‘I Had to Work Twice as Hard’: 5 Questions With Joy Spence

Joy Spencer portrait with a design treatment
Image Courtesy of Appleton Estate

Joy Spence is one of those rare people who has worked not only in the same industry, but also at the same company, for 40 years. She joined Appleton Estate as chief chemist in 1982 and has been the master blender since 1997.

During her career, chronicled at the Joy Spence Appleton Estate Rum Experience, she’s seen numerous rum industry modernizations, from increased mechanization to more rigorous quality control. She’s also seen higher visibility of women in the industry. In 2018, she received the Jamaica Prime Minister Medal for Science and Technology.

Wine Enthusiast Podcast: A Brief History of Women in Brewing

We spoke with Joy about her career and her ruby anniversary.

How did you get interested in rum, and what made you decide to pursue a professional career as a master blender?

I joined Tia Maria as a research chemist. I became bored and envious of the activities at Appleton Estate, so I submitted my résumé. I met Master Blender Owen Tulloch and discovered the world of rum and the passion for rum. Before, I never thought I would appreciate rum as a complex, sophisticated spirit.

It’s common perception that the rum industry tends to be male dominated. How did this affect your experience coming up in the industry? How—if at all—has this changed?

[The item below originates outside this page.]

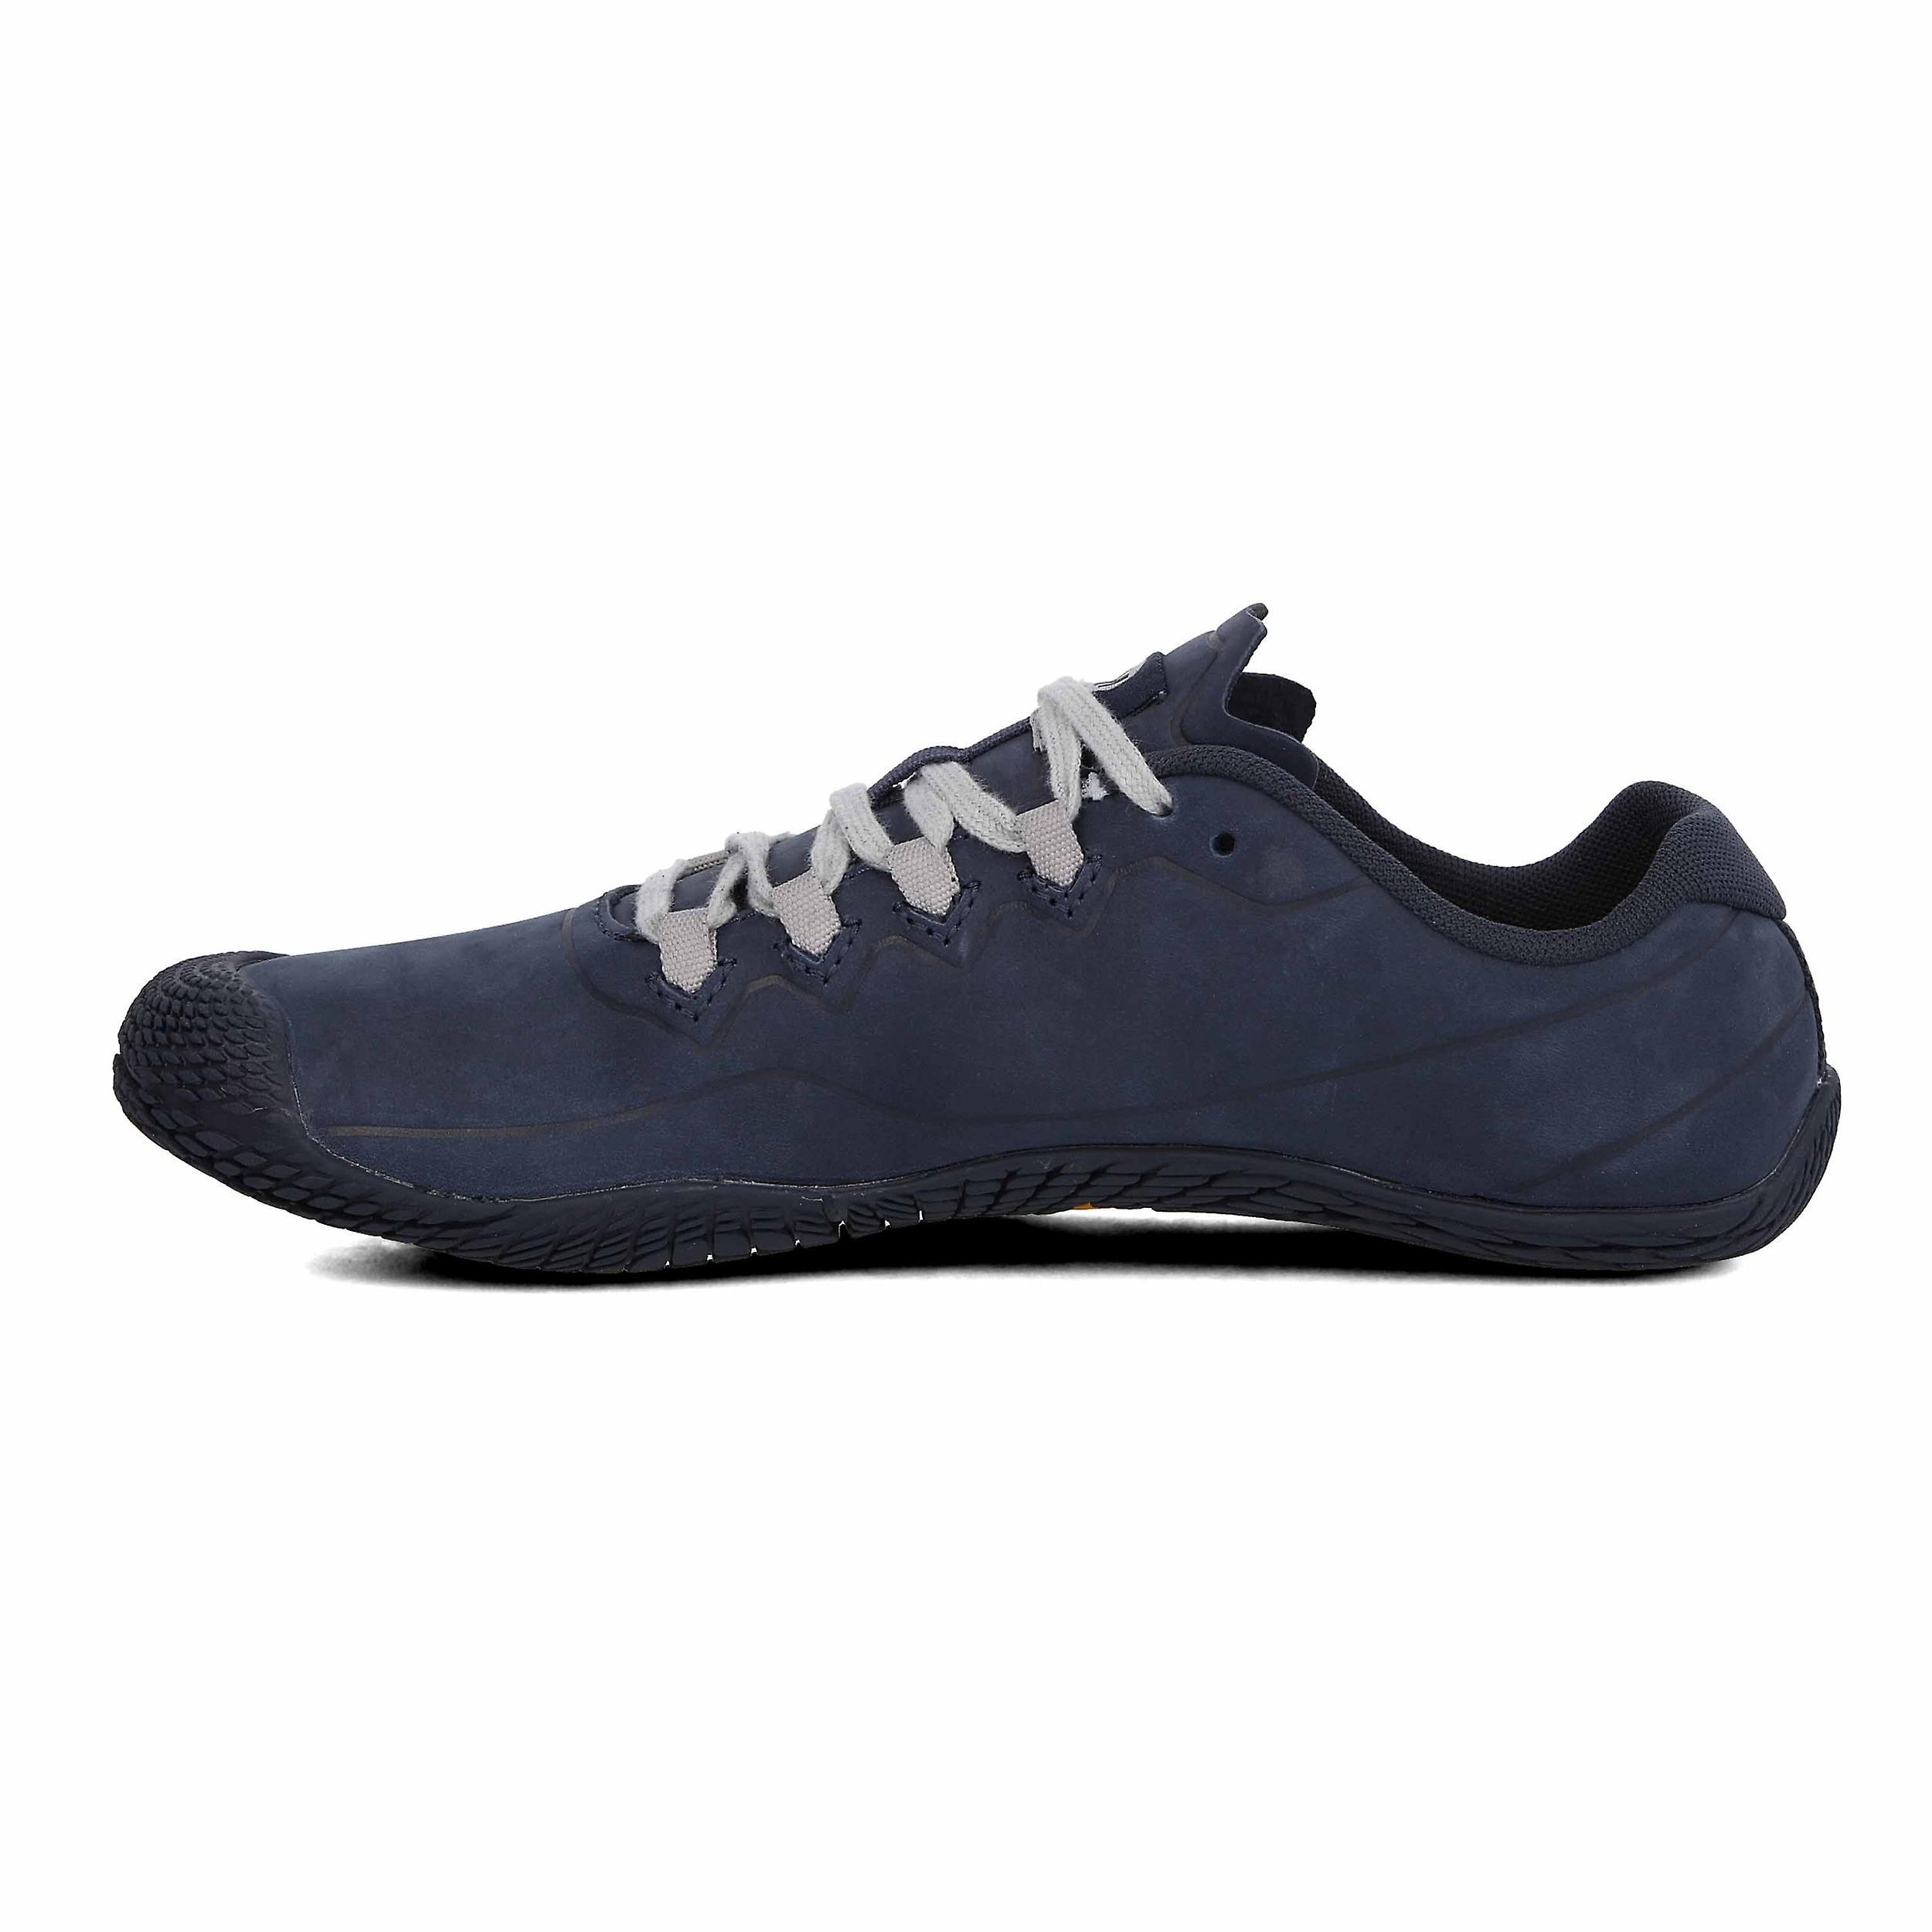 Merrell Vapor Glove 3 Luna LTR Trail Running Shoes - AW20

The rum industry is still very male dominated. I had to work twice as hard to prove that I was just as capable. I am now very excited that more women have been appointed as master blenders. They have been working in the background
but no one was bold enough to appoint them as master blenders and so it is an exciting time now for females.

What’s it like to be the first woman to become a master blender?

I was in total disbelief. In the rum industry, the title is earned through years of training and assessment. You are assessed, not only for your technical capabilities, but also sensory skills and creativity, year after year.

After working at Appleton Estates for 40 years, how has the company evolved?

I have seen many technological changes
ISO certification, which is a whole different view on putting systems in place, specifications and compliance audits. Increased staff training, improved reward and recommendation programs. Every aspect of the business has changed.

We’ve also worked very hard over a long period of time to develop the Geographic Indicator [GI] for Jamaican rum. I was responsible for the technical side. A GI helps in cementing the perception of premium quality for the category outside of Jamaica, and there is no better way to honor and preserve the authenticity and legacy of the high-quality of our product—a genuine, differentiated identity that sets a standard for all products bearing the label of Jamaican Rum. It honors and credits the knowledge of Jamaica’s finest rum producers and exclusive traits of the land itself, while guaranteeing authenticity and premium quality.

Wine Enthusiast Podcast: A Brief History of Women in Brewing

The designation and symbol protects the traditions, cultures and resources of these communities and fosters a long-term economic and societal well-being, wealth and education for generations to come.

Any advice for someone looking to get into the rum industry? What should they do if they want to become a master blender?

Obtain a deep understanding of the process, from sugarcane straight to aging and blending. Understand not only fermentation and distillation, but also how the rum transforms during aging. Be a sensory expert with a good grasp of how to blend the different styles of rums. Act like a sponge for knowledge. Try to learn as much as you can. Be passionate about your craft and remain humble.